The lines to retype run from the one containing "Teak Wood Coffee" through the end of the listing below. Reproduce them exactly, leaving out pictures.

(Dataset content)
================================

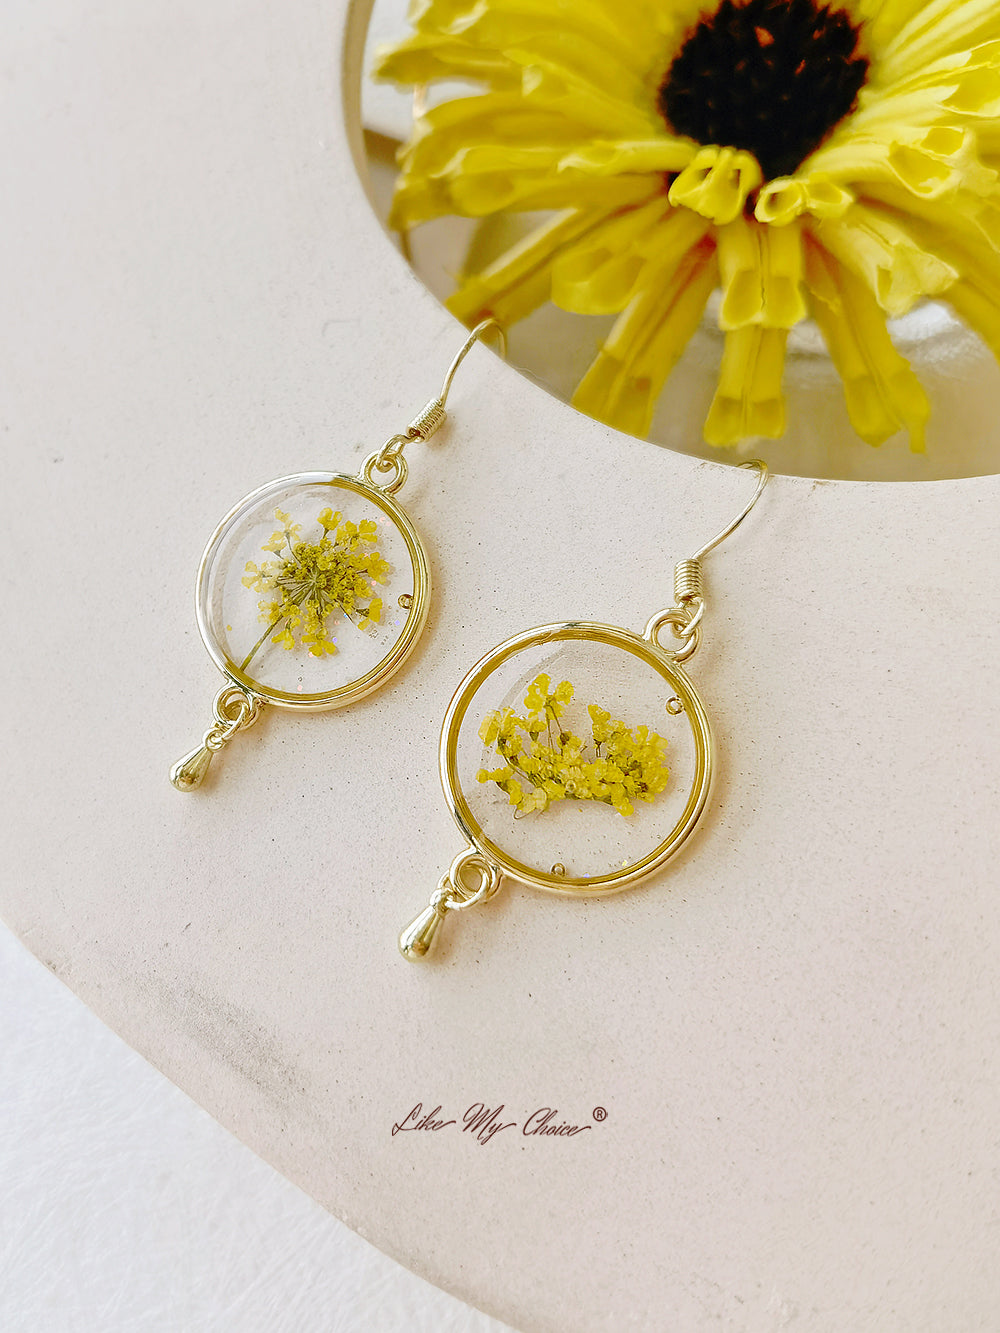 Πραγματικό σκουλαρίκι λουλουδιών Queen Annes Lace
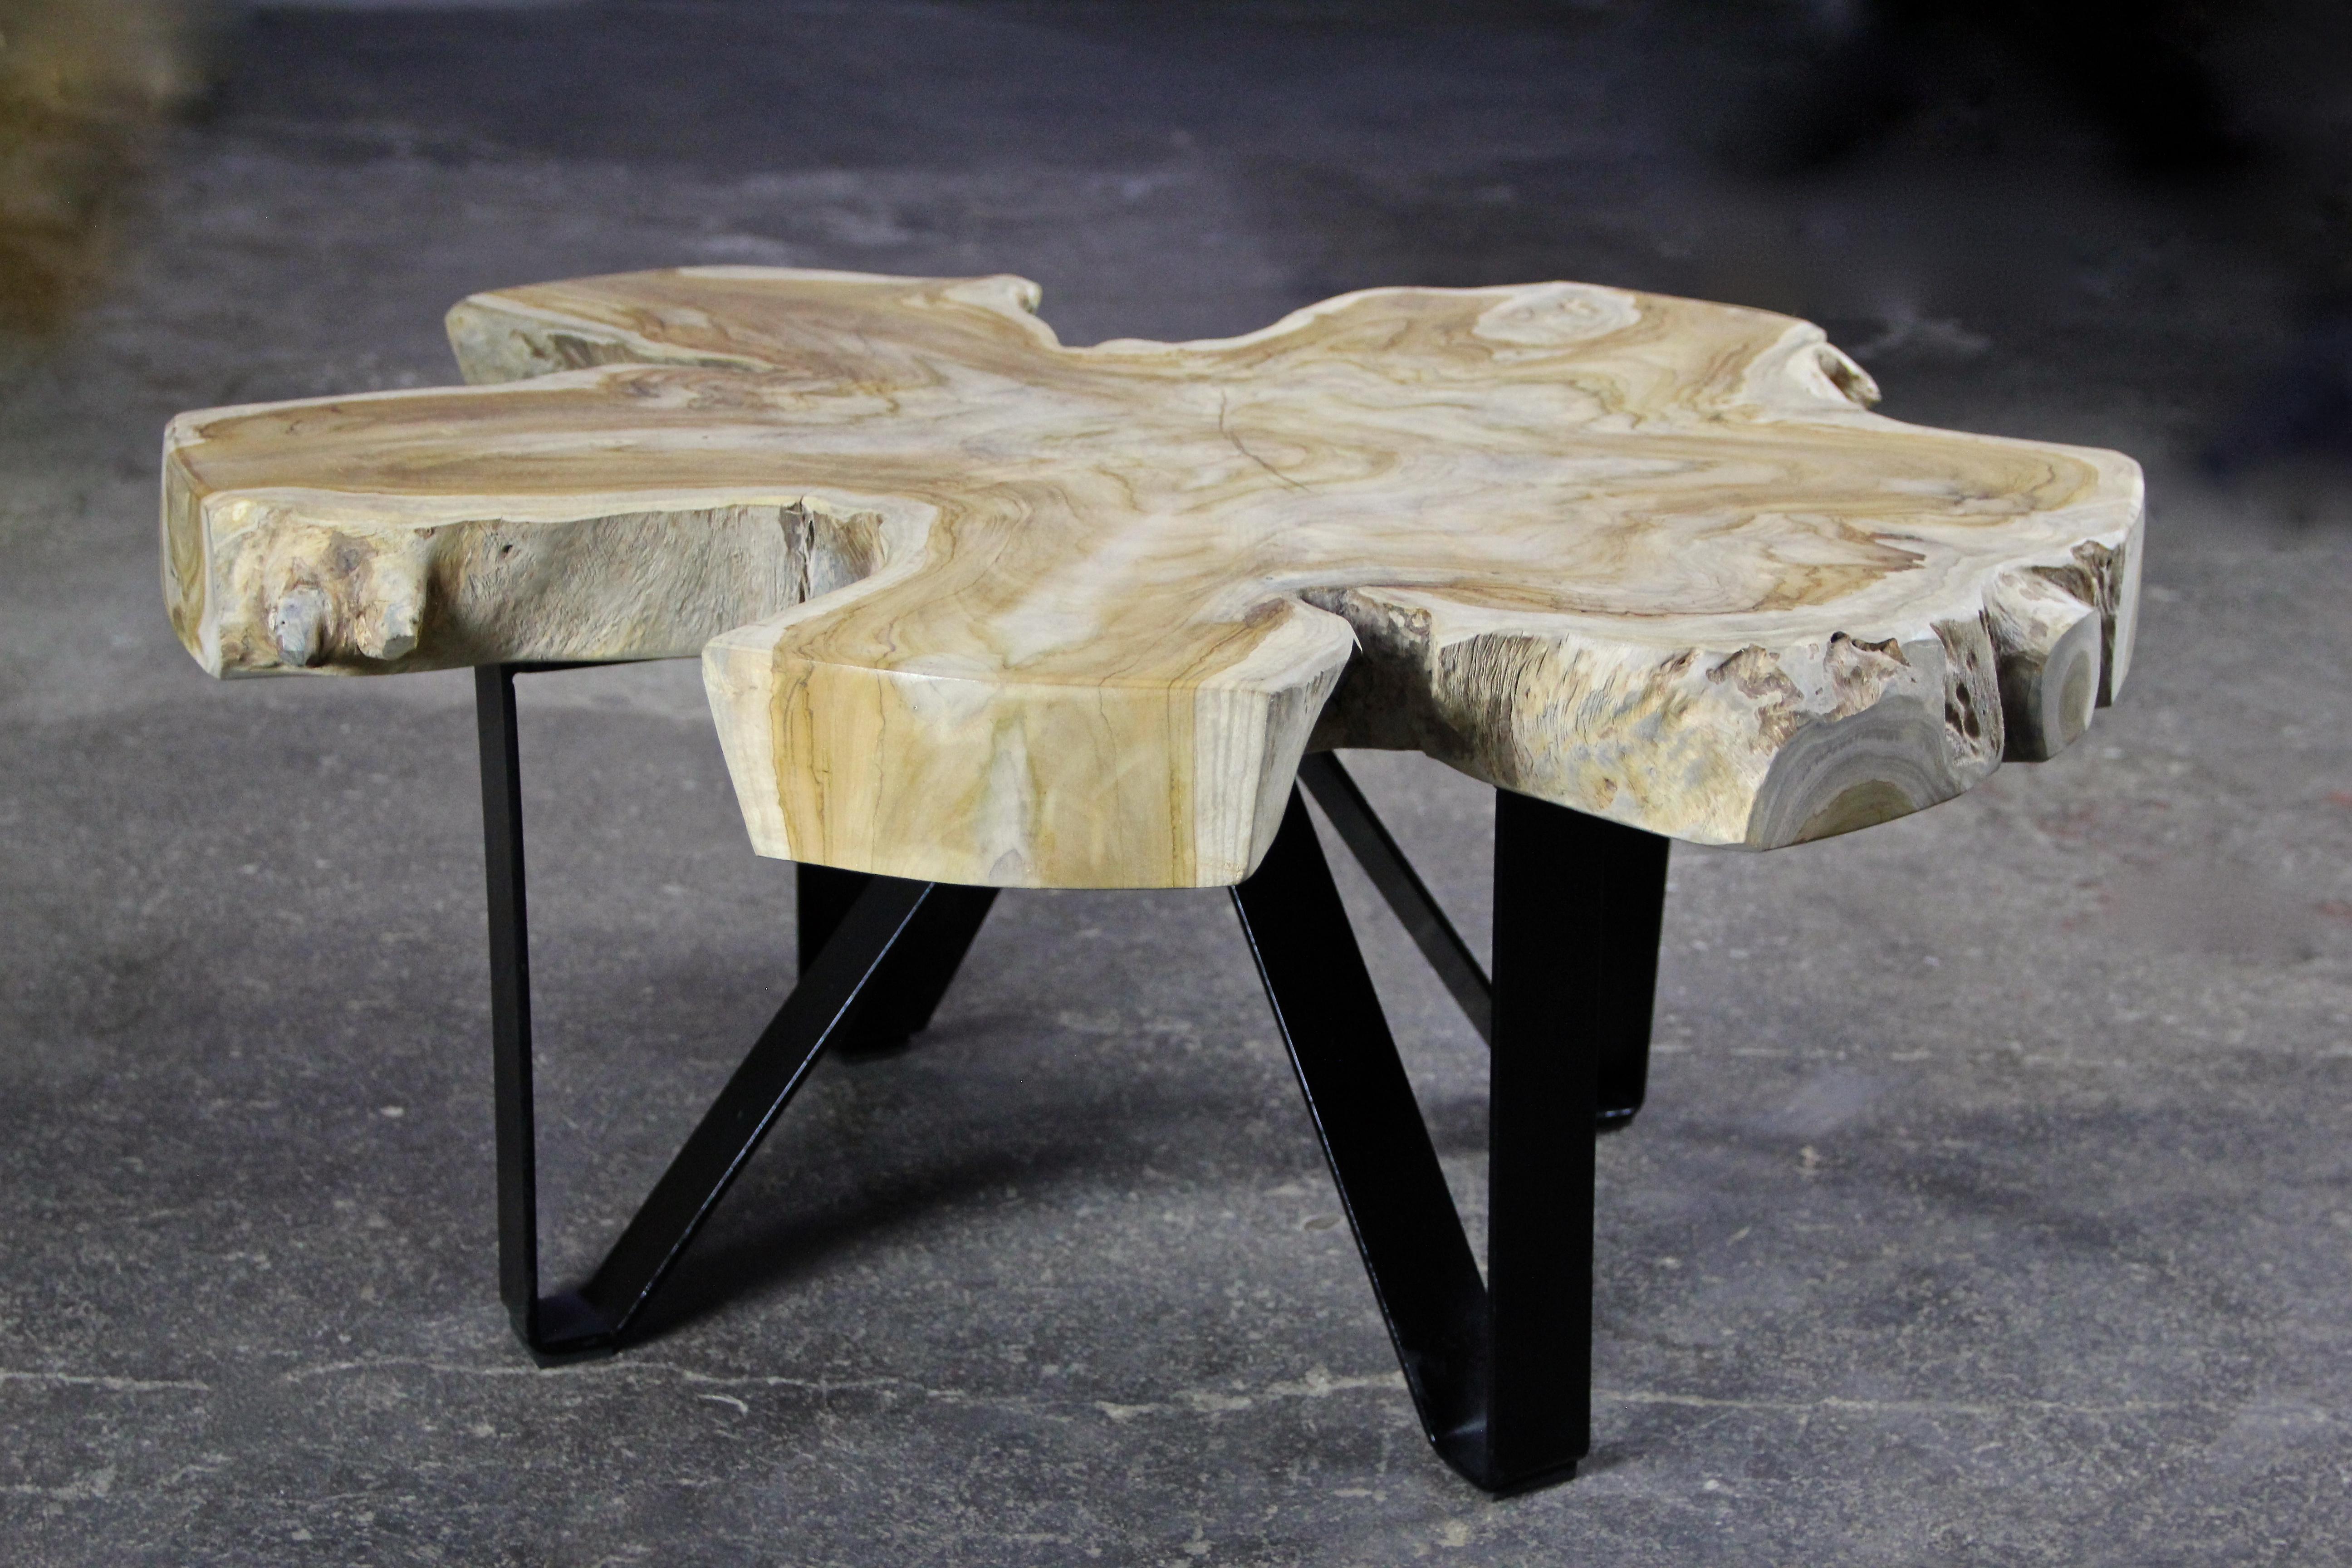 Teak Wood Coffee Table/ Sofa Table on Black Metal Feet, Organic Modern 1
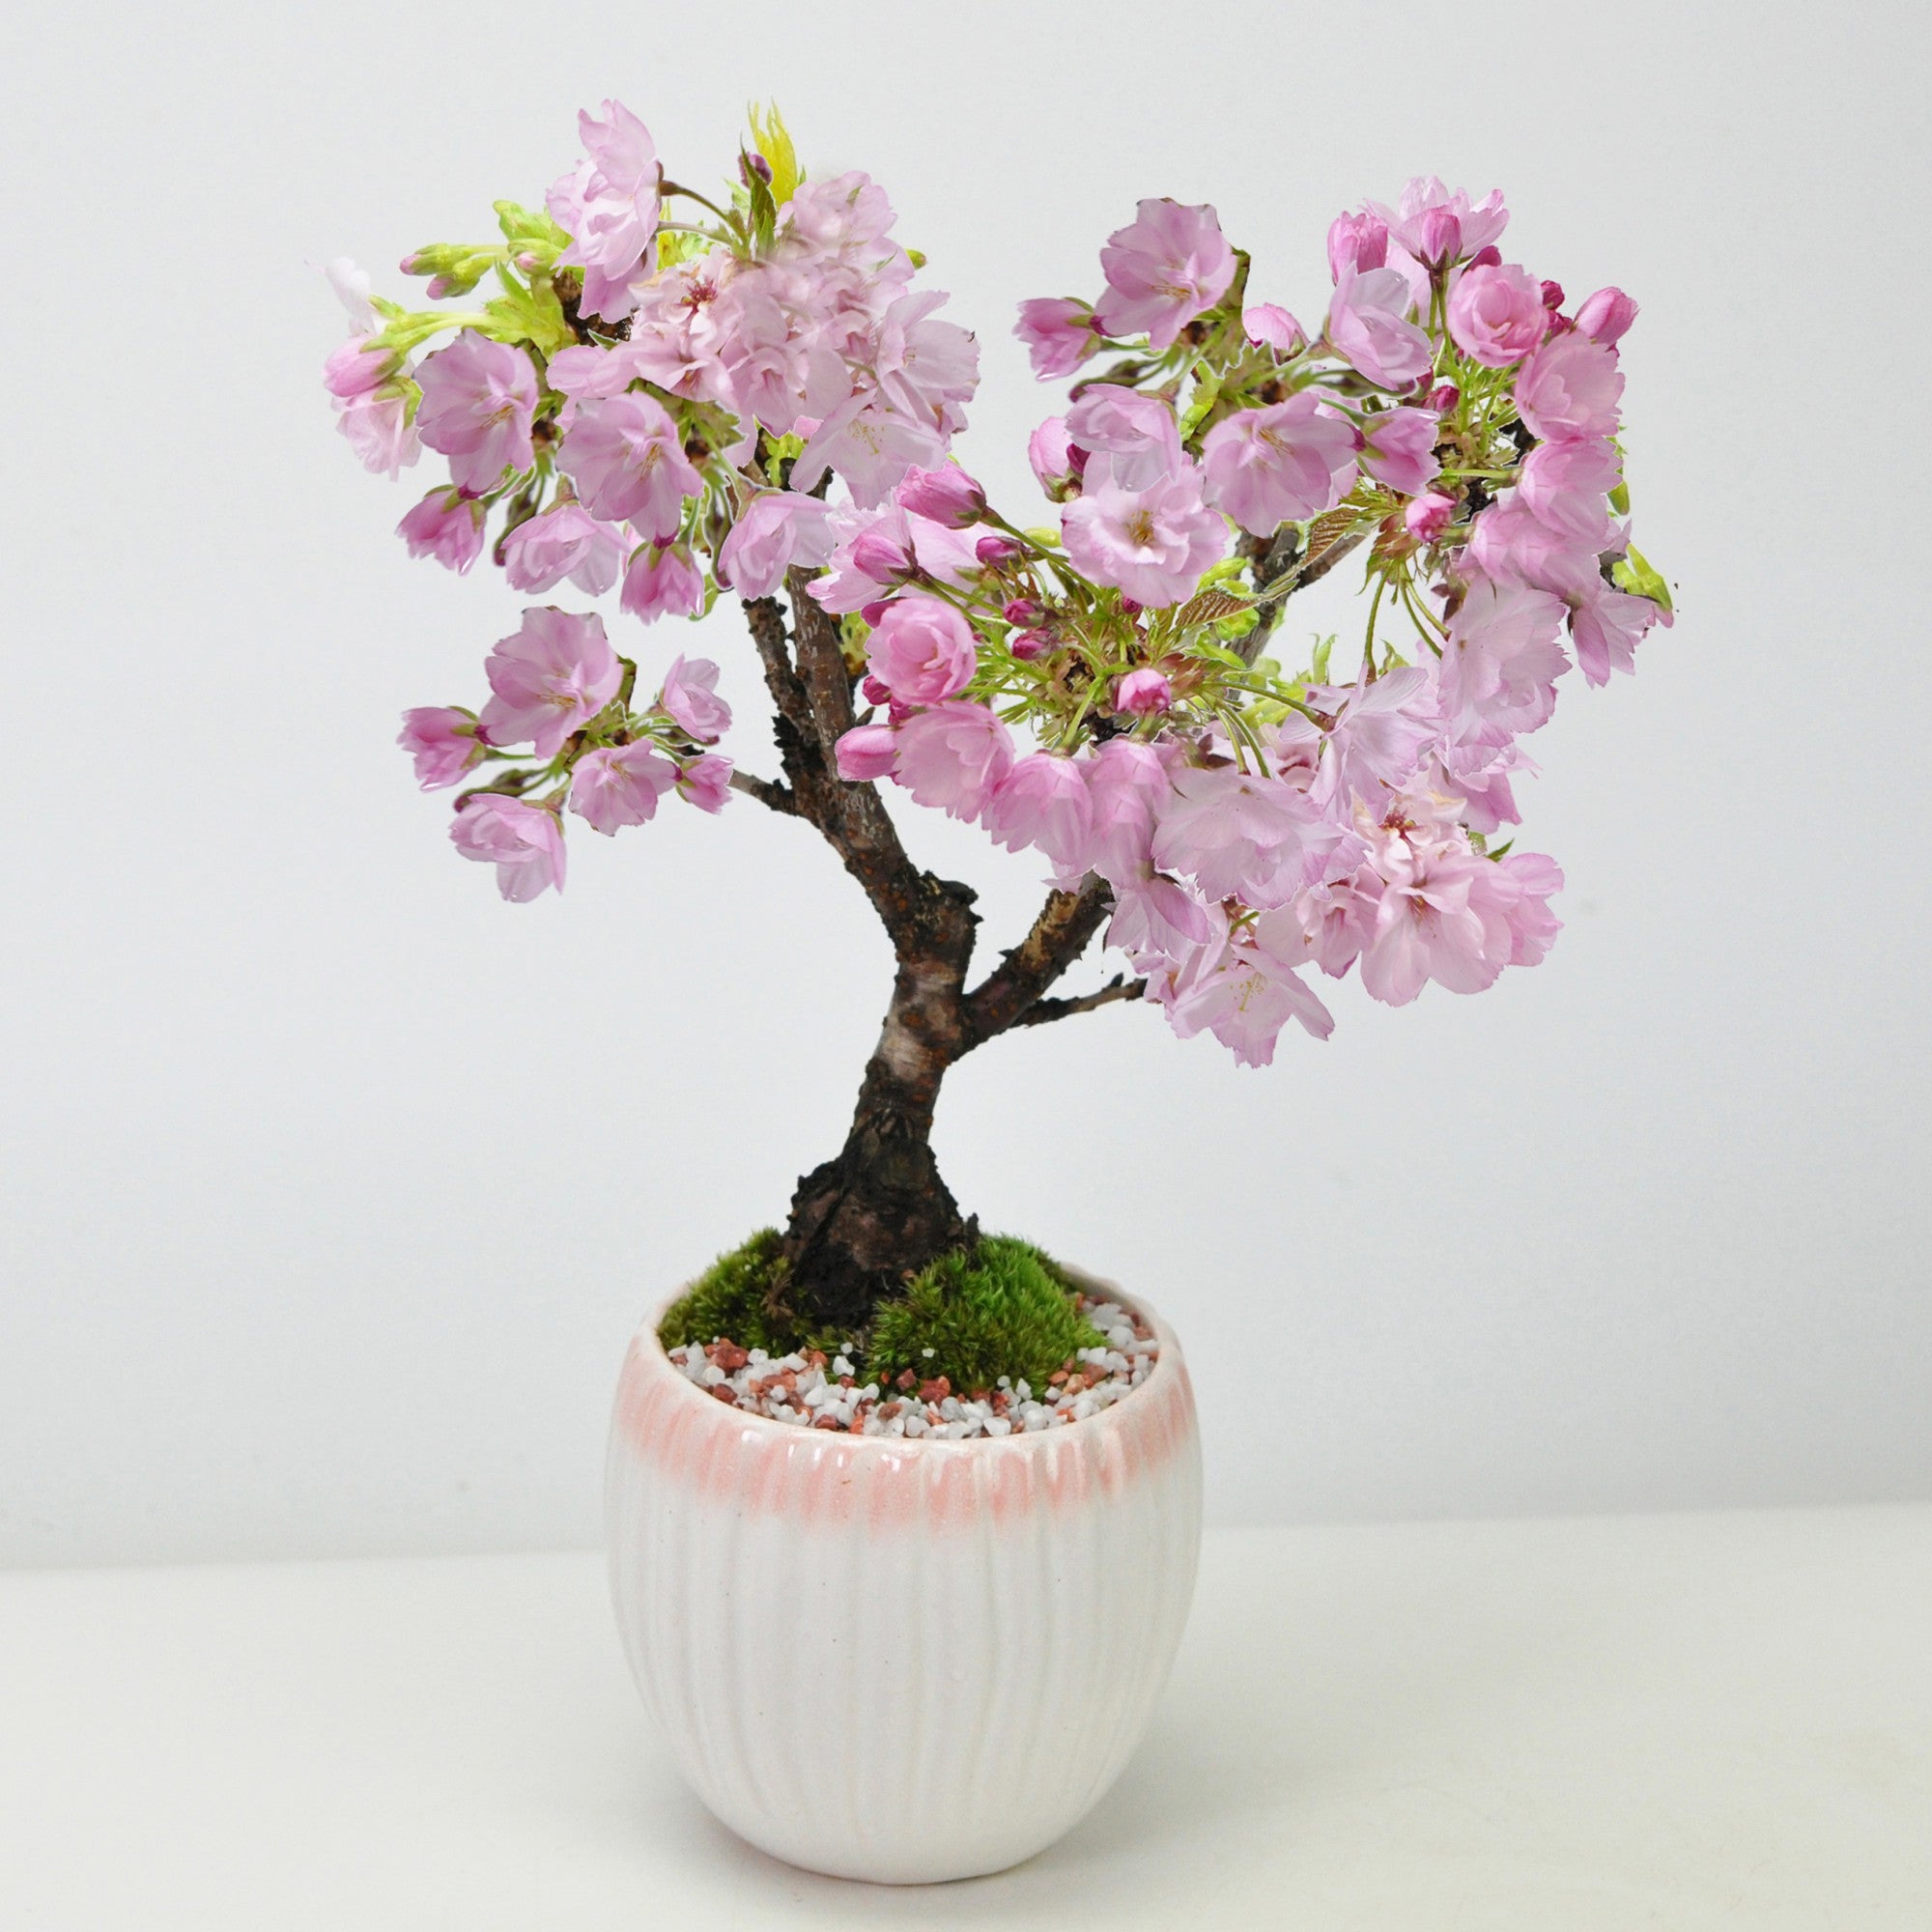 【母の日】開花調整 5月に咲く桜 白桃モダン鉢

================================

(Result for this exercise)
 Teak Wood Coffee Table/ Sofa Table on Black Metal Feet, Organic Modern 1
 【母の日】開花調整 5月に咲く桜 白桃モダン鉢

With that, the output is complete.